## PROBLEM DESCRIPTION
When you copy the material below, keep every line exact and drop the pictures.

## DATASET EXTRACT
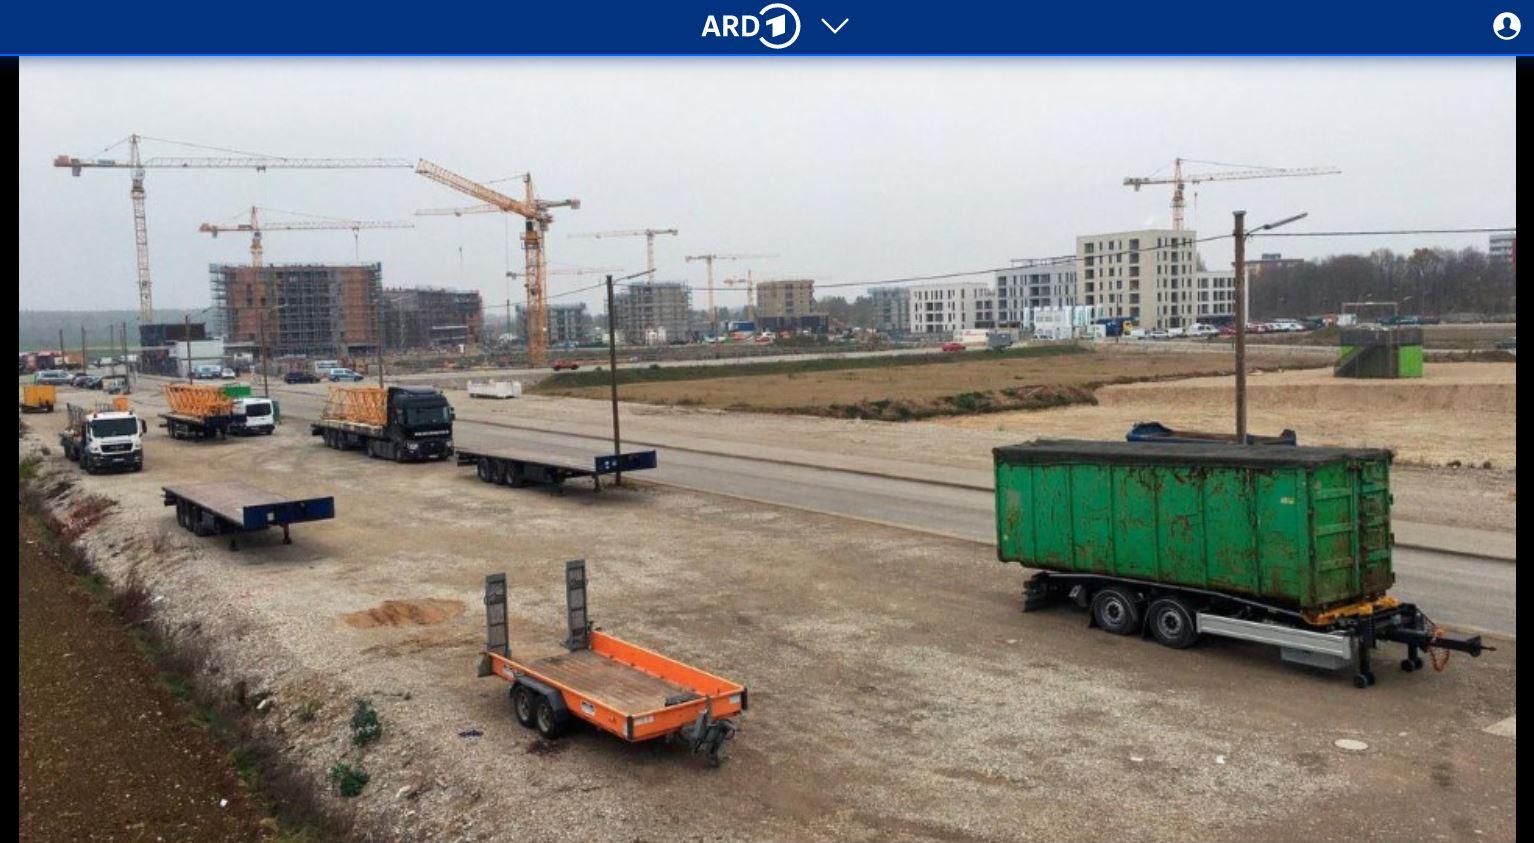 ARD-Doku: Goldgrube Bauland - Das große Geschäft mit Grund und Boden
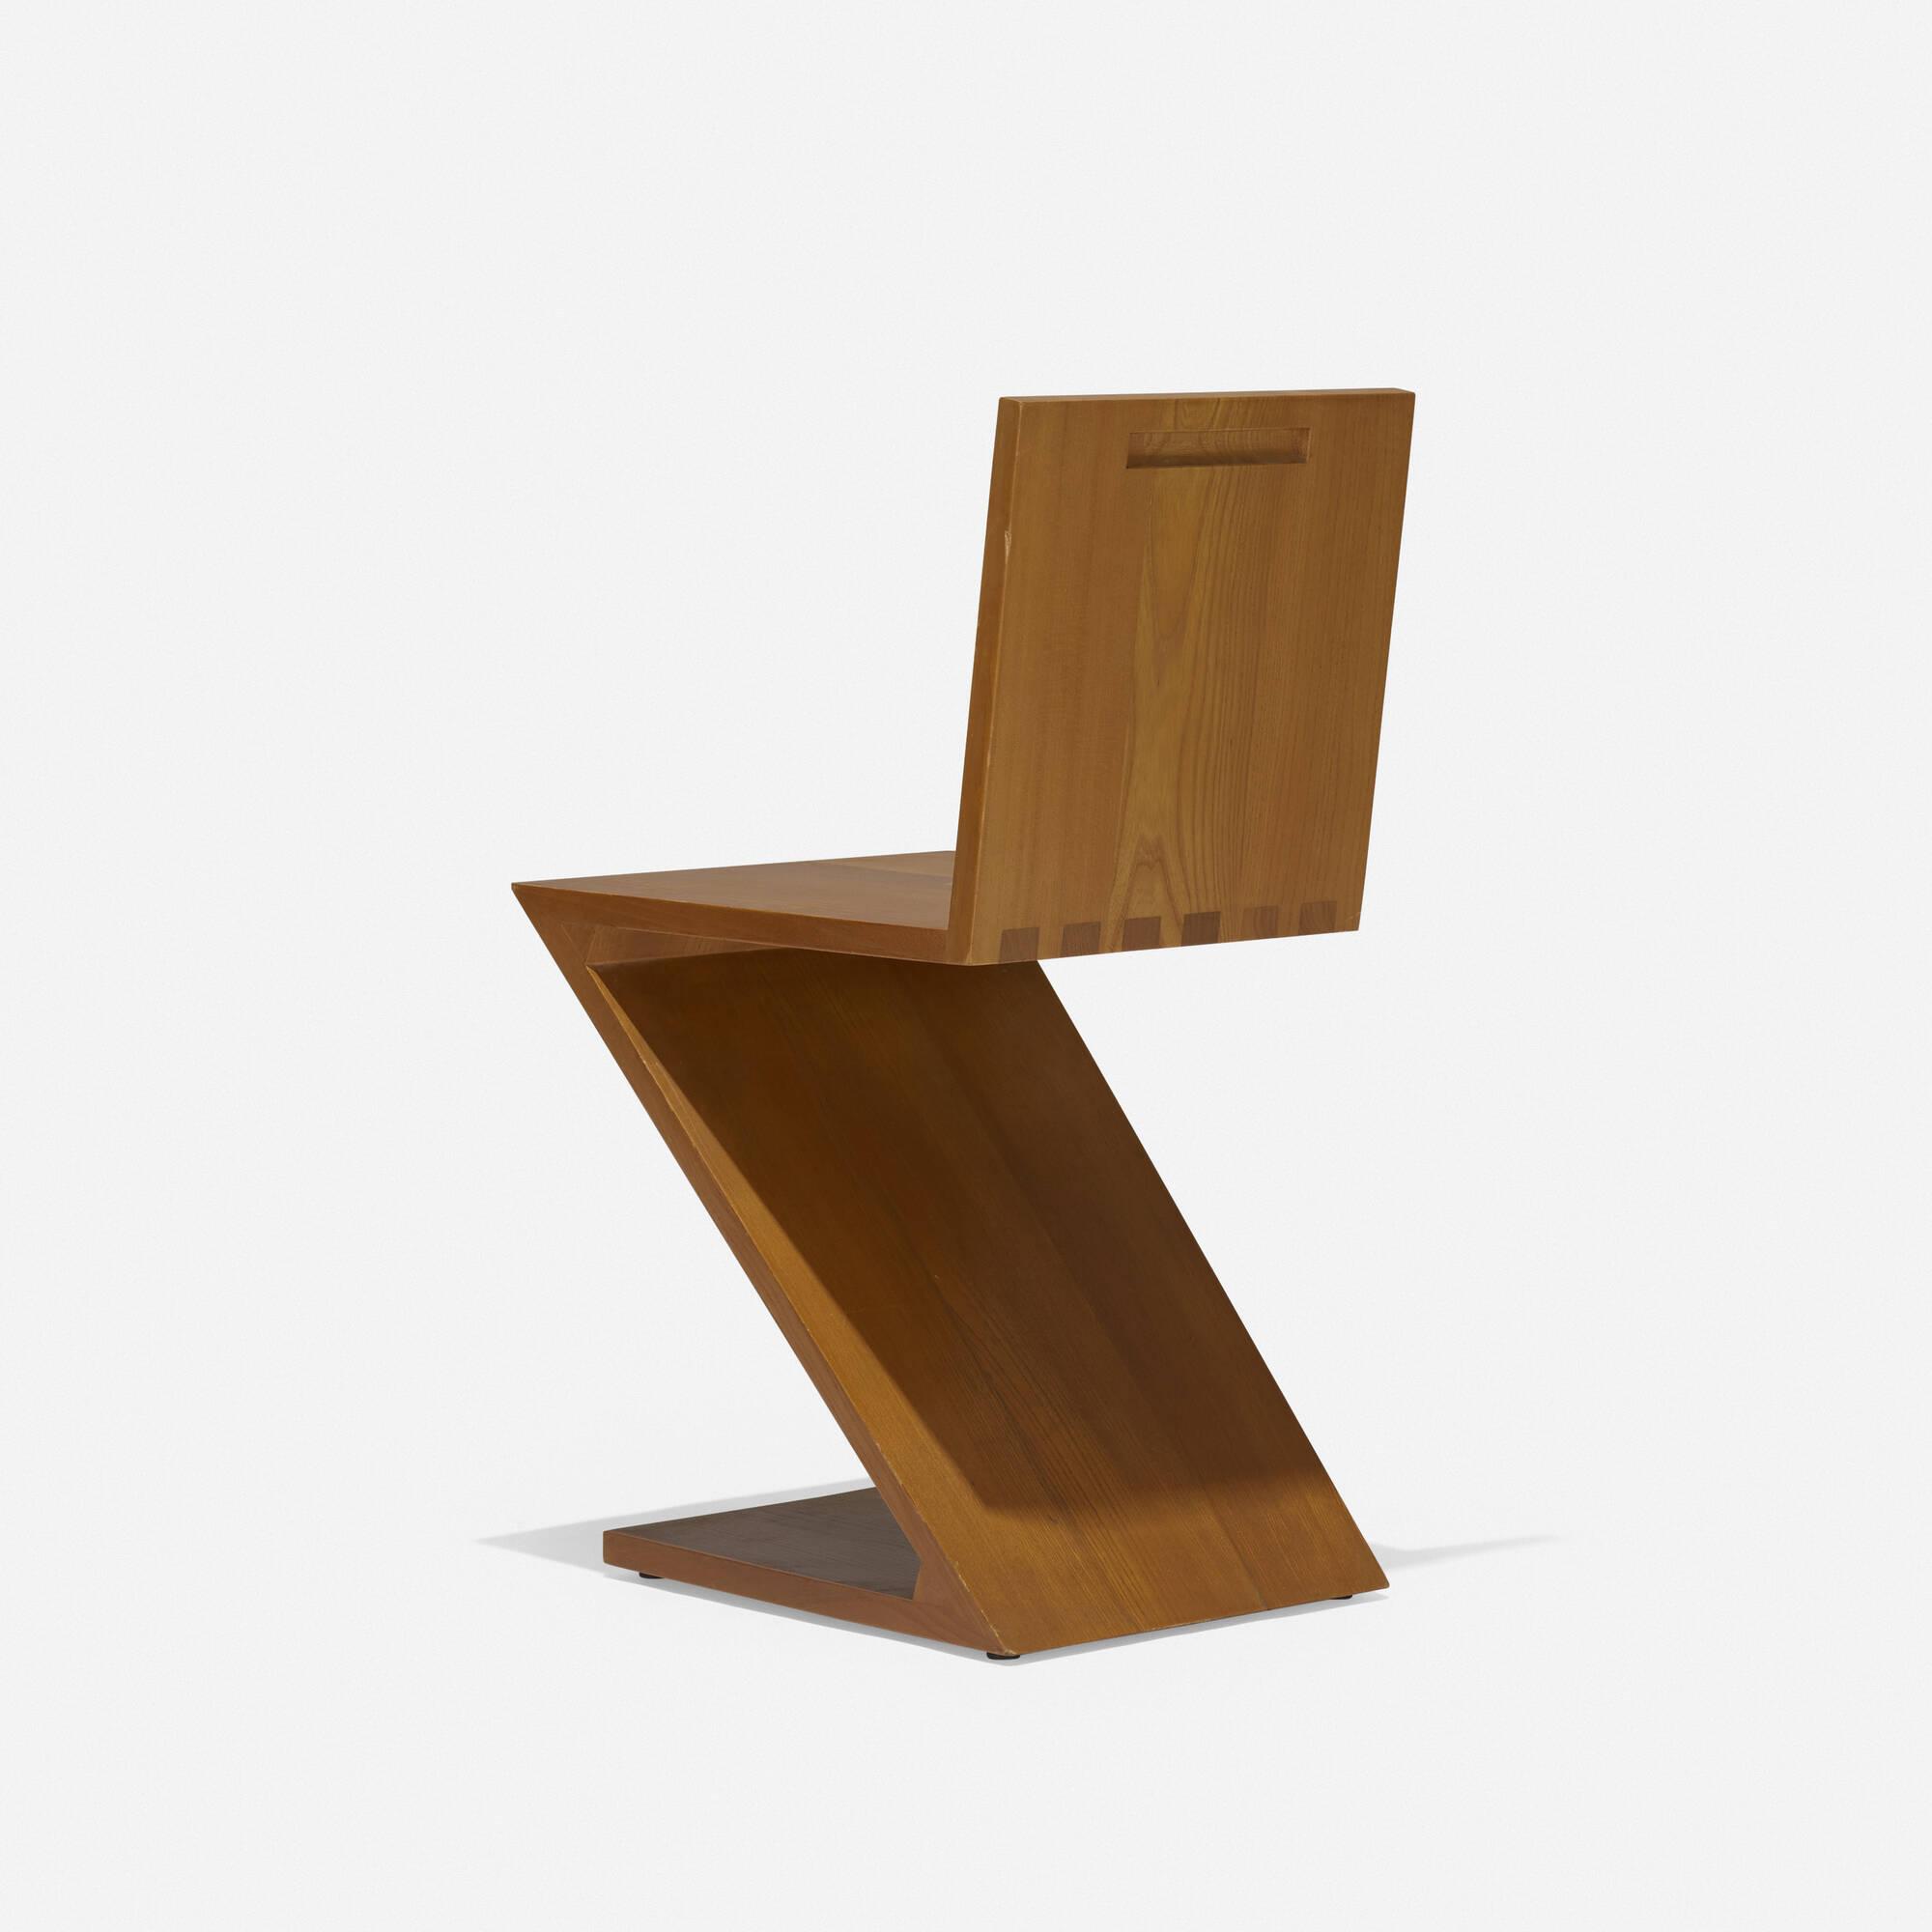 165: Gerrit Rietveld / Zig Zag chair (2 of 2)
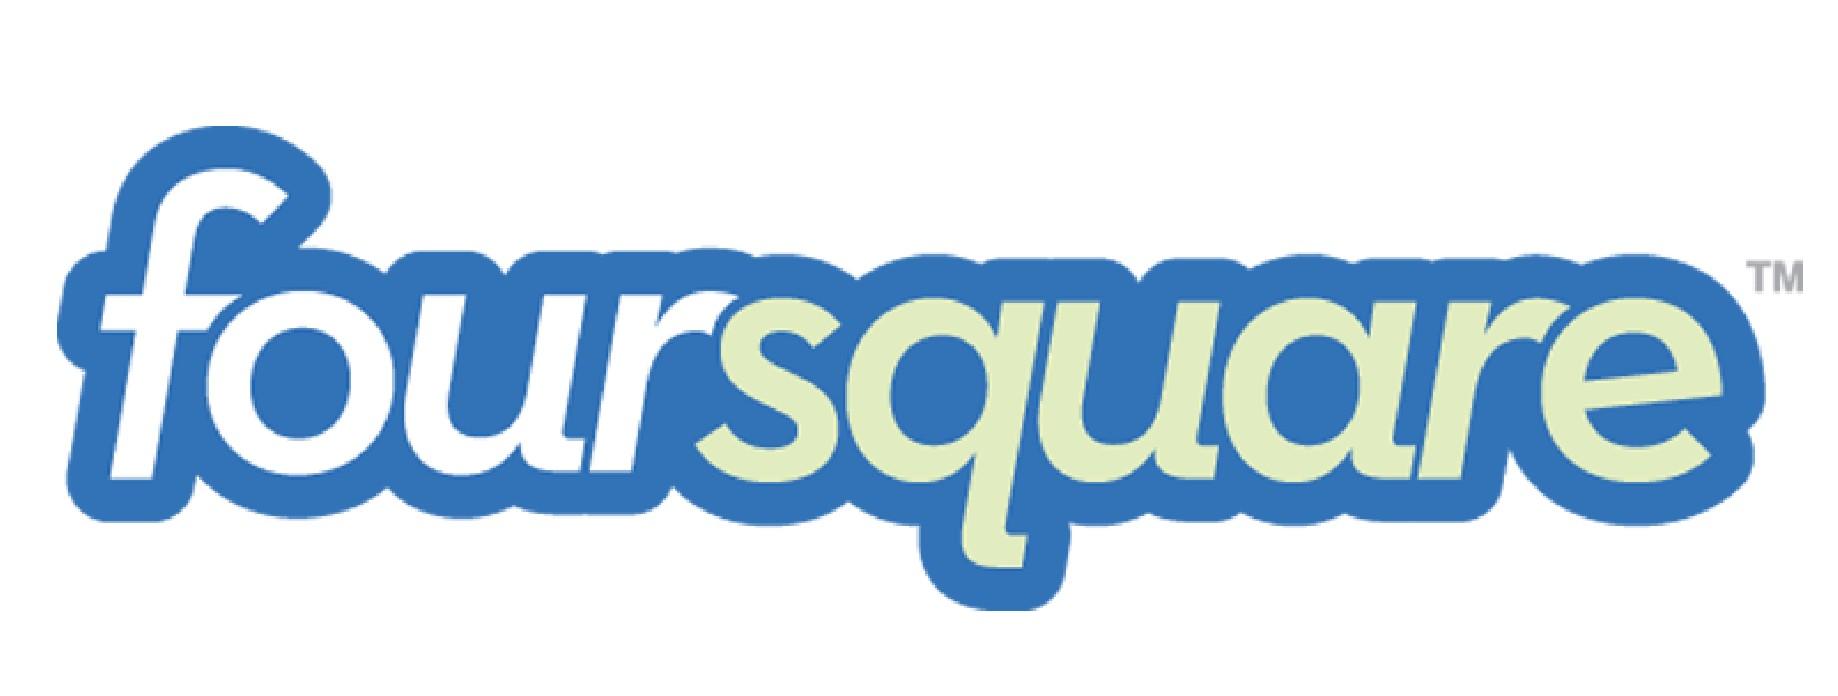 Foursquare popsa.biz

## SOLUTION TO THE PROBLEM
 ARD-Doku: Goldgrube Bauland - Das große Geschäft mit Grund und Boden
 165: Gerrit Rietveld / Zig Zag chair (2 of 2)
 Foursquare popsa.biz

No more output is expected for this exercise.